(Biologische — van -.water) beoogt riool- en afvalwater in zoodanigen toestand te brengen, dat het niet meer tot rotting kan overgaan, en dus zonder hinder of gevaar te veroorzaken in de openbare wateren kan worden geloosd.
Te dien einde wordt het te verwerken water geleid naar een bak, „tank” of „septic-tank” genaamd, van zoodanige afmetingen, dat het instroomende vocht 12—24 uur, afhankelijk van zijn aard en samenstelling, er in verwijlen kan, alvorens er uit te stroomen.
In die tijdsruimte slaat een deel der onopgeloste stoffen neer en wordt tegelijk met de in het water opgeloste en voor rotting vatbare bestanddeelen door inwerking van anaërobe bacteriën, die zich in de tank langzamerhand in groote massa's ontwikkelen, in eenvoudiger samengestelde stoffen omgezet. Deze laatste zijn veelal oplosbaar of gasvormig, waardoor een sterke vermindering van onoplosbare stoffen plaats vindt.

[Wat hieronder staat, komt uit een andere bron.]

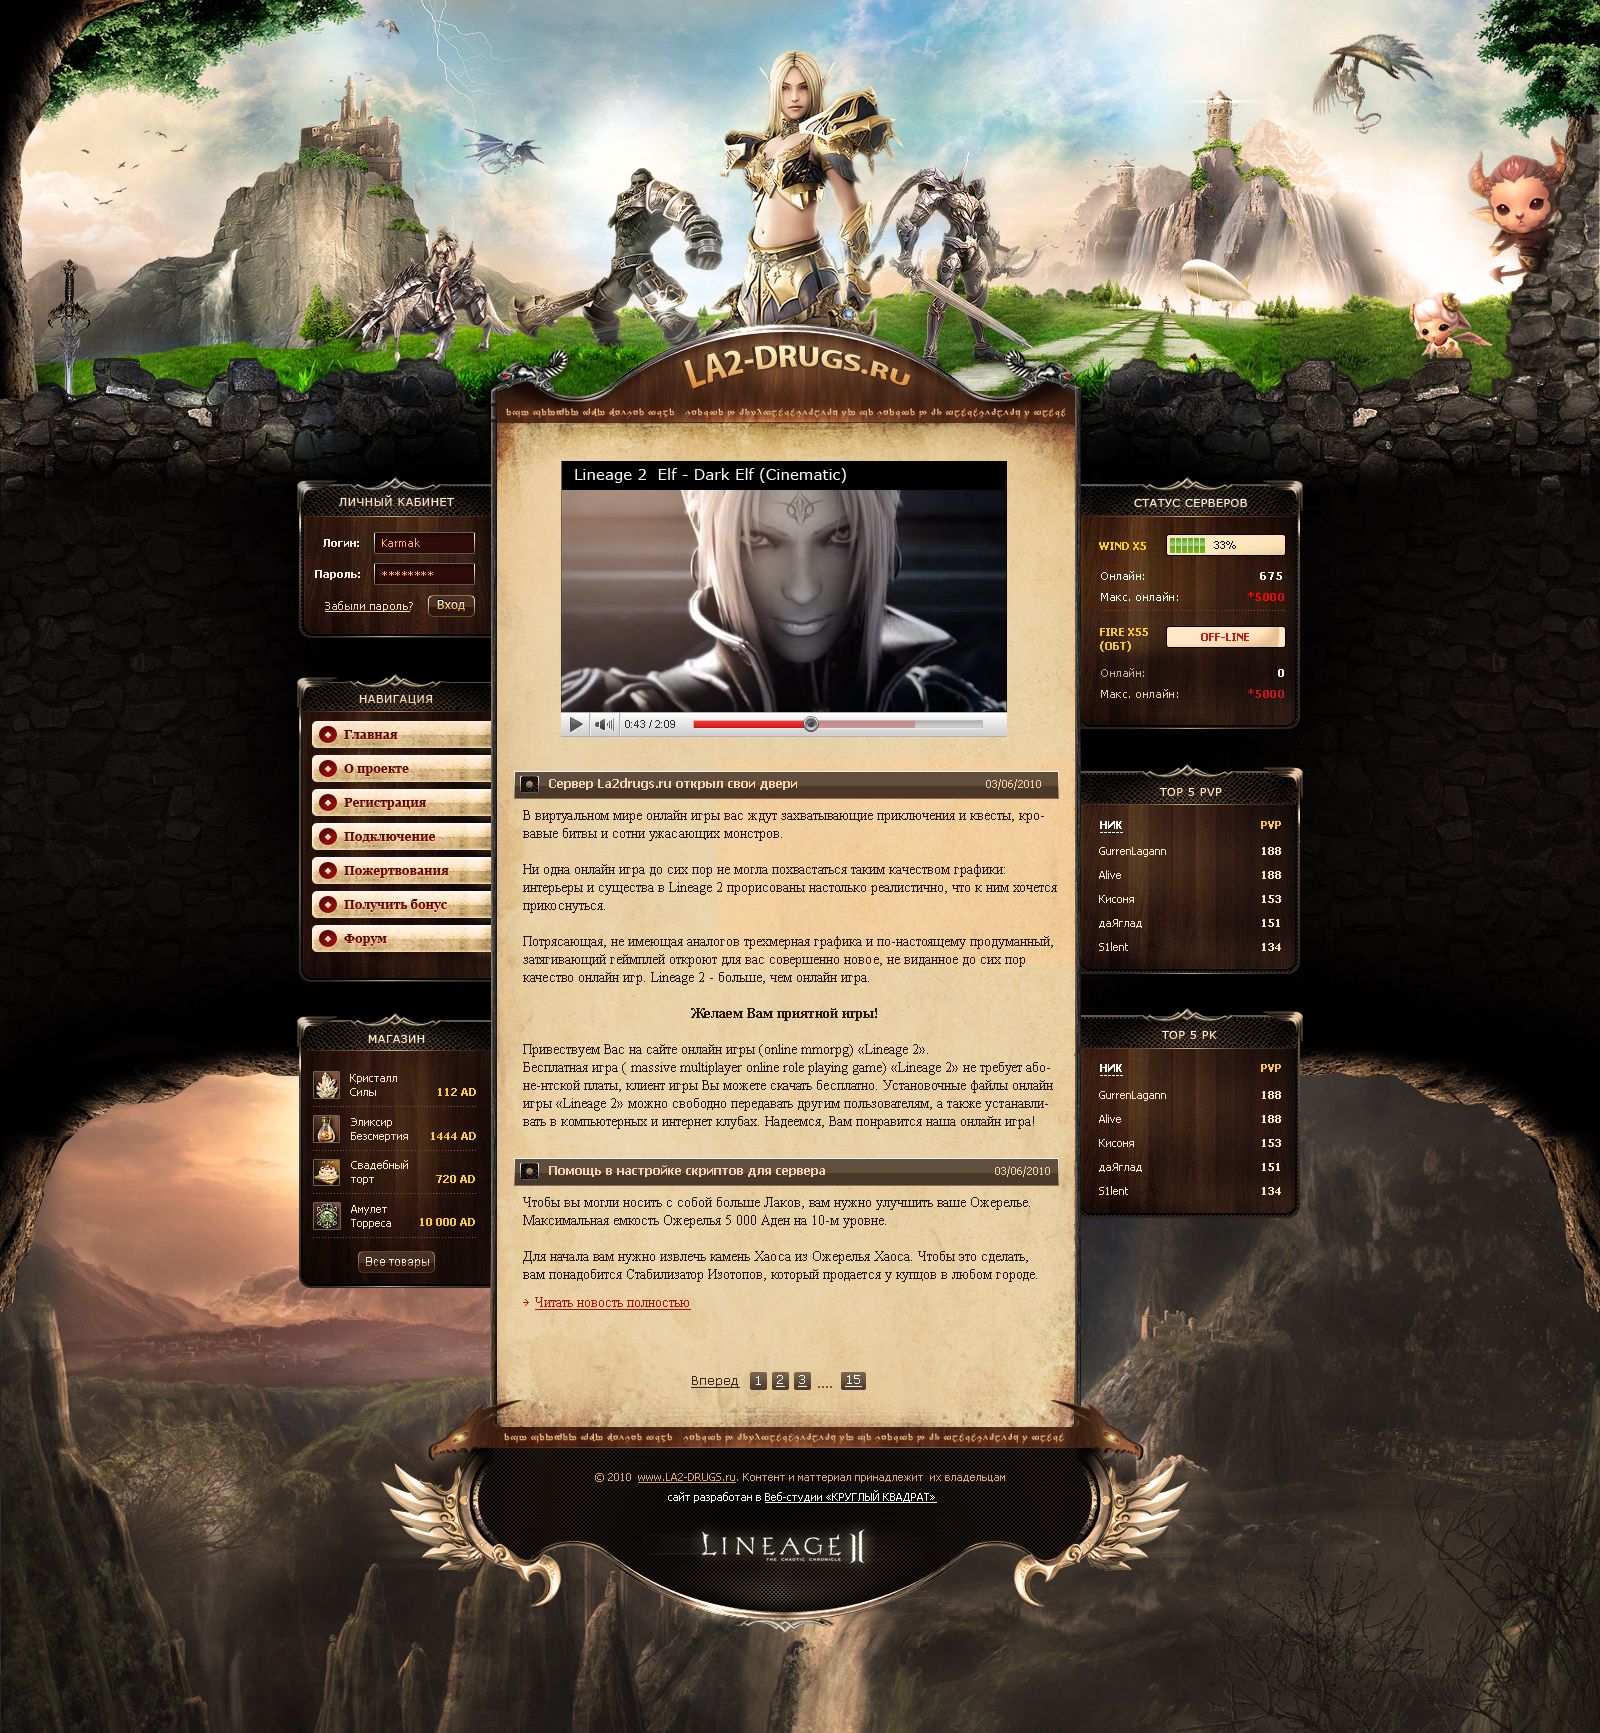 Дизайн сайта «La2-Drugs» для сервера MMORPG игры Lineage II

Op den bodem der tank verzamelt zich langzamerhand een dunne laag vaste stof, die niet meer voor rotting geschikt is, een bezinksel dat qualitatief en quantitatief afhankelijk is van de oorspronkelijke vloeistof. Aan de oppervlakte der tank vormt zich- een koek, die een bepaalde dikte aanneemt, en daarna vrijwel constant blijft. Tusschen deze boven- en benedenlaag bevindt zich dan het z.g. tankvocht, een troebele, kwalijk riekende vloeistof, wier verdere behandeling aanstonds zal worden besproken.

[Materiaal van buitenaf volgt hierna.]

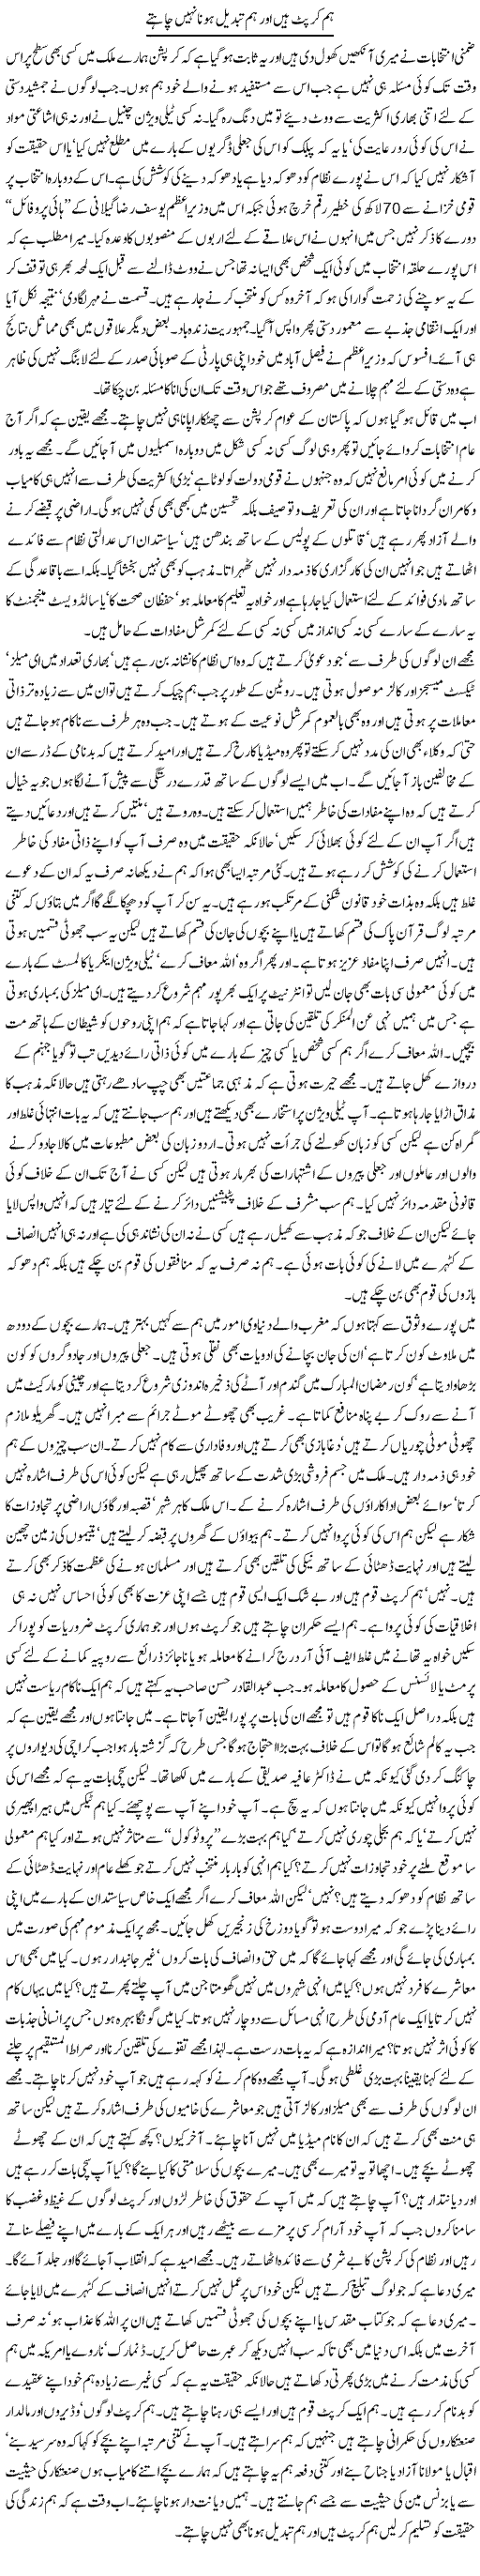 Hum Corrupt han Express Column Mubashir Luqman 21 May 2010

De tank is afkomstig van Cameron en door hem aanvankelijk overdekt geconstrueerd. Latere onderzoekingen hebben intusschen geleerd, dat het voor de werking van de tank onverschillig is of zij open of gesloten wordt gebouwd, zoodat de keuze hiervan door zuiver practische en technische motieven wordt geleid. De hoeveelheid gas, die zich per kub. M. vloeistof ontwikkelt, is in de meeste gevallen te gering om het opvangen daarvan rendabel te maken. In sommige plaatsen heeft men getracht het toe te passen voor motorische kracht, doch slechts met matig succes. De samenstelling van het gas is afhankelijk van de organische stoffen, waaruit het ontstaat, en als zoodanig in het algemeen niet op te geven; het gas uit rioolwater bevat meestal veel moerasgas.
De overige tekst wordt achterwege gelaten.